I am exceedingly grateful to the Florida Agricultural Experiment Station, University of Florida, for the permission they gave me to base the Palm culture on the information given in their bulletin, "Native and Exotic Palms of Florida." This organization is an outstanding authority on this subject in the U.S.A. The Palm Society has also been most co-operative, and I send many thanks to them—particularly to Mrs. Lucita H. Wait, the Executive Secretary. Mrs. Jewel W. Templeton has very kindly contributed a description of the Mistic Bubble method of propagation, and I wish to express my appreciation to her. To Mrs. Walter W. Beachboard I send my warm thanks for her able editorial advice. I also send thanks to Mr. C. N. Keyser of the Bartlett Tree Experts.

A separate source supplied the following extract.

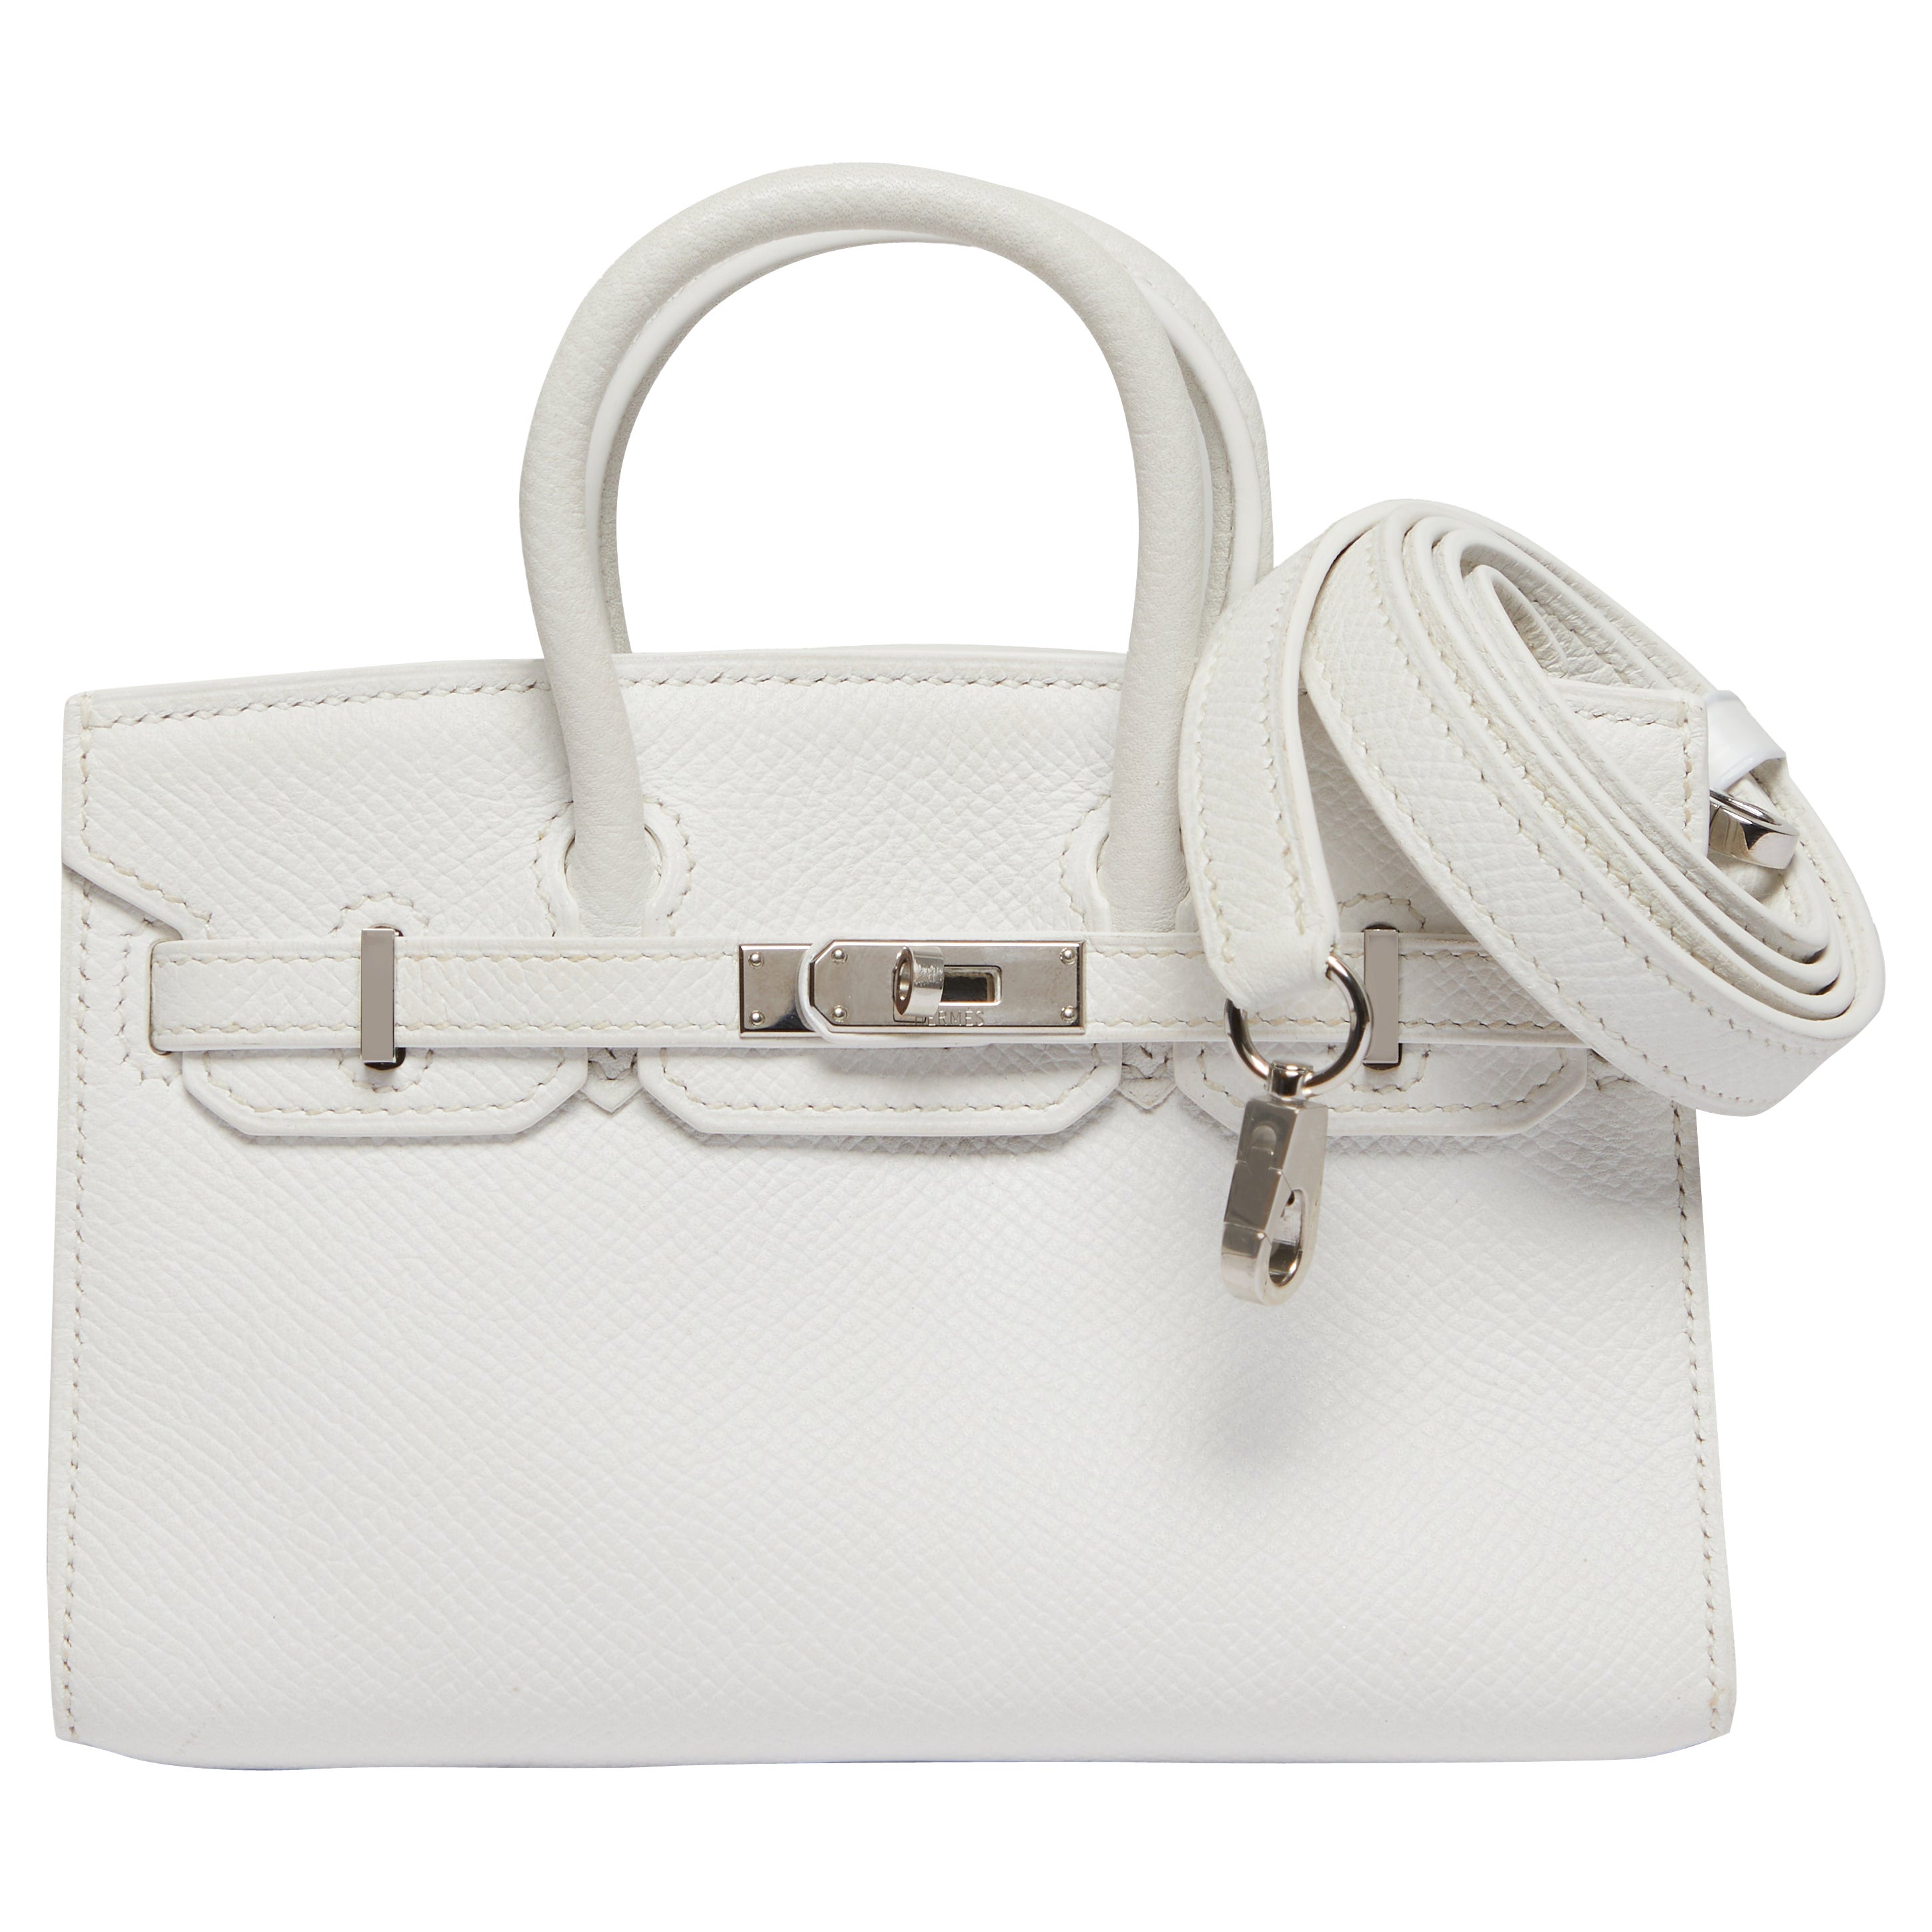 Hermès White Micro Birkin Handbag

I feel very grateful to Dr. Donald Wyman, author of "Shrubs and Vines for American Gardens" and "Trees for American Gardens." These outstanding books have been especially helpful to me. From the first of these two books were obtained the endpapers used in this book. Other books that have been of much assistance are "Standardized Plant Names," ed. 2, prepared for the American Joint Committee on Horticultural Nomenclature by its Editorial Committee, Harlan P. Kelsey and William Dayton; "Hortus Second," compiled by L. H. Bailey and Ethel Zoe Bailey; "Manual of Cultivated Trees and Shrubs," by Alfred Rehder; "What's New in Gardening," by P. P. Pirone; "Bonsai Miniature Trees," by Claude Chidamian; "The Azalea Book," by Frederic P. Lee; the "Wise Garden
Encyclopedia," "The Standard Cyclopedia of Horticulture," by L. H. Bailey; "Trees and Shrubs for the Southern Coastal Plain," by Brooks E. Wigginton; and "Landscape Plants for Florida Homes," by John V. Wat-kins. I am also grateful to the Brooklyn Botanic Garden for their excellent publications.
I take this opportunity to express my thanks to the various photographers for their valuable contributions for providing the illustrations. Among these are George Beamish, Anita M. E. Boiling, Gatteri of Miami, Paul E. Genereux, Jeannette Grossman, J. Horace McFarland Company, F. Armstrong Roberts, and Mary Alice and John P. Roche.